As Collective Mining gears up to go public through a reverse takeover of shell company POCML5 in the second quarter of 2021, investors will be eager to get in on the action when shares are available. Until then, it’s time to get informed and stay updated on the company’s projects and plans, and how they plan to bring the benefits of their management team from multibillion-dollar Continental Gold.
Based on the team’s previous history, the market is likely to welcome Collective Mining’s public offering with open arms, and a healthy valuation to boot.
While the past had seen the environmental activist as the primary driver of awareness and action toward socially conscious profit, society and investors are now demanding greater transparency and commitment to the social, economic, and environmental impact of sectors such as mining. The environmental, social, and governance (ESG) factors integrated into investment analysis and portfolio construction offer long-term performance advantages while offering funds and managers the opportunity to meet the new demands of their clients.

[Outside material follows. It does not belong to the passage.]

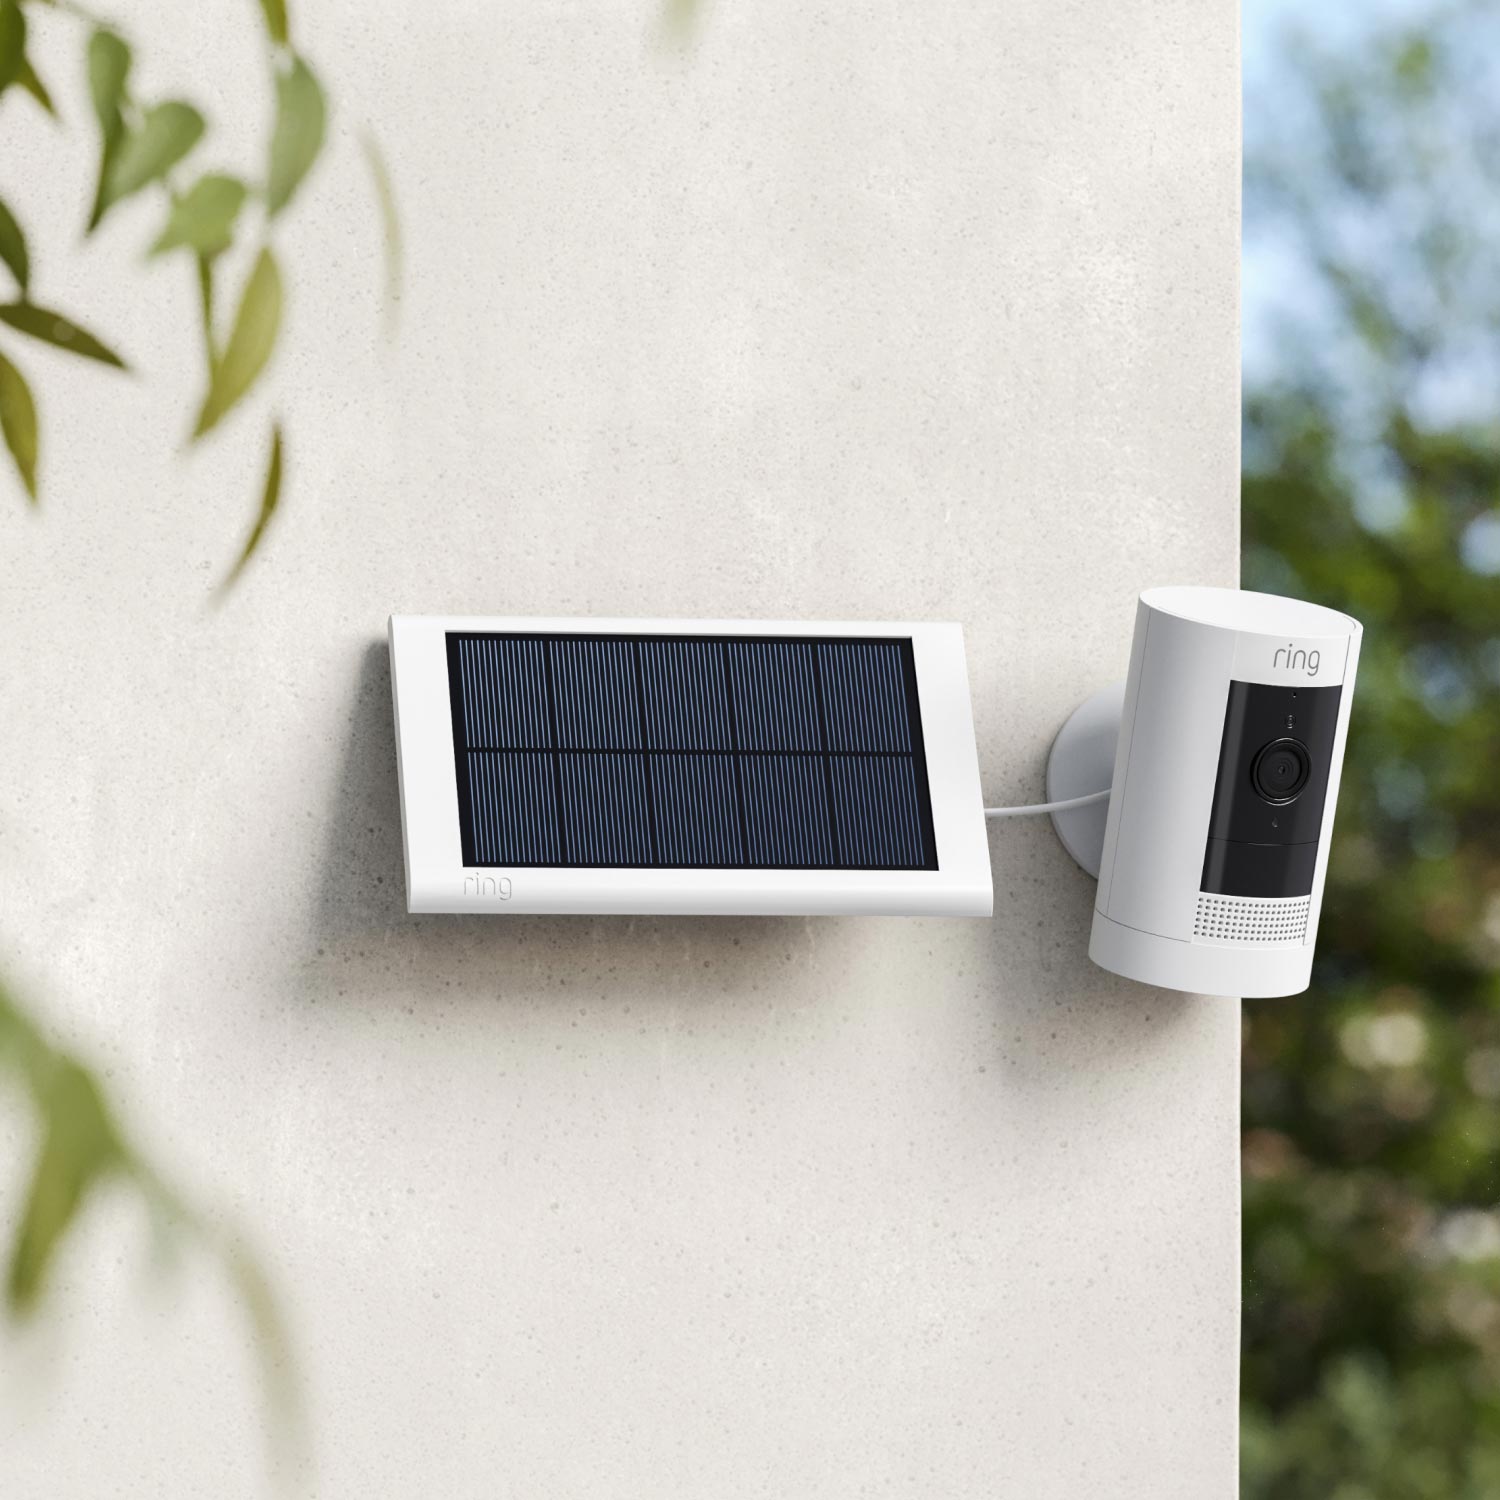 4-Pack Stick Up Cam Solar - Stick Up Cam and small solar panel, both in white, mounted to outside corner of house.

ESG portfolios are not just window dressing for investor pitches, but a serious and growing investment strategy. The idea is to build value beyond the standard compliance expected of companies. ESG portfolio managers look for a synergy between economic performance and social progress that combine in the right way to benefit the companies they invest in and all other stakeholders. Generating value this way requires companies to leverage shared value principles, innovation, analytics, digitization, and strategic and evidence-based solutions to deliver efficiency and competitiveness while balancing the socioeconomic impacts of projects.
Investor expectations continue to mount, and while mining companies may have used the ESG factors as a way to build greater social capital, there is growing and irrefutable evidence that prioritizing these factors builds value over the long term. Mining companies must still focus on delivering shareholder value, which is why some of the ESG initiatives planned often have trouble getting off the ground. Some companies have struggled to justify investing in non-revenue-generating activities in the past, like community infrastructure projects and sustainability initiatives.
As investors get serious about mining companies’ commitment to environmental remediation, energy efficiency, diversity, health and safety, and the fair treatment of community stakeholders and employees, organizations heavily dependent on investment funding must shift their values and operations to meet those expectations. Failing to do so could mean difficulties both financial and reputational. In a world where image matters more than ever, this would be a critical misstep that any company should avoid.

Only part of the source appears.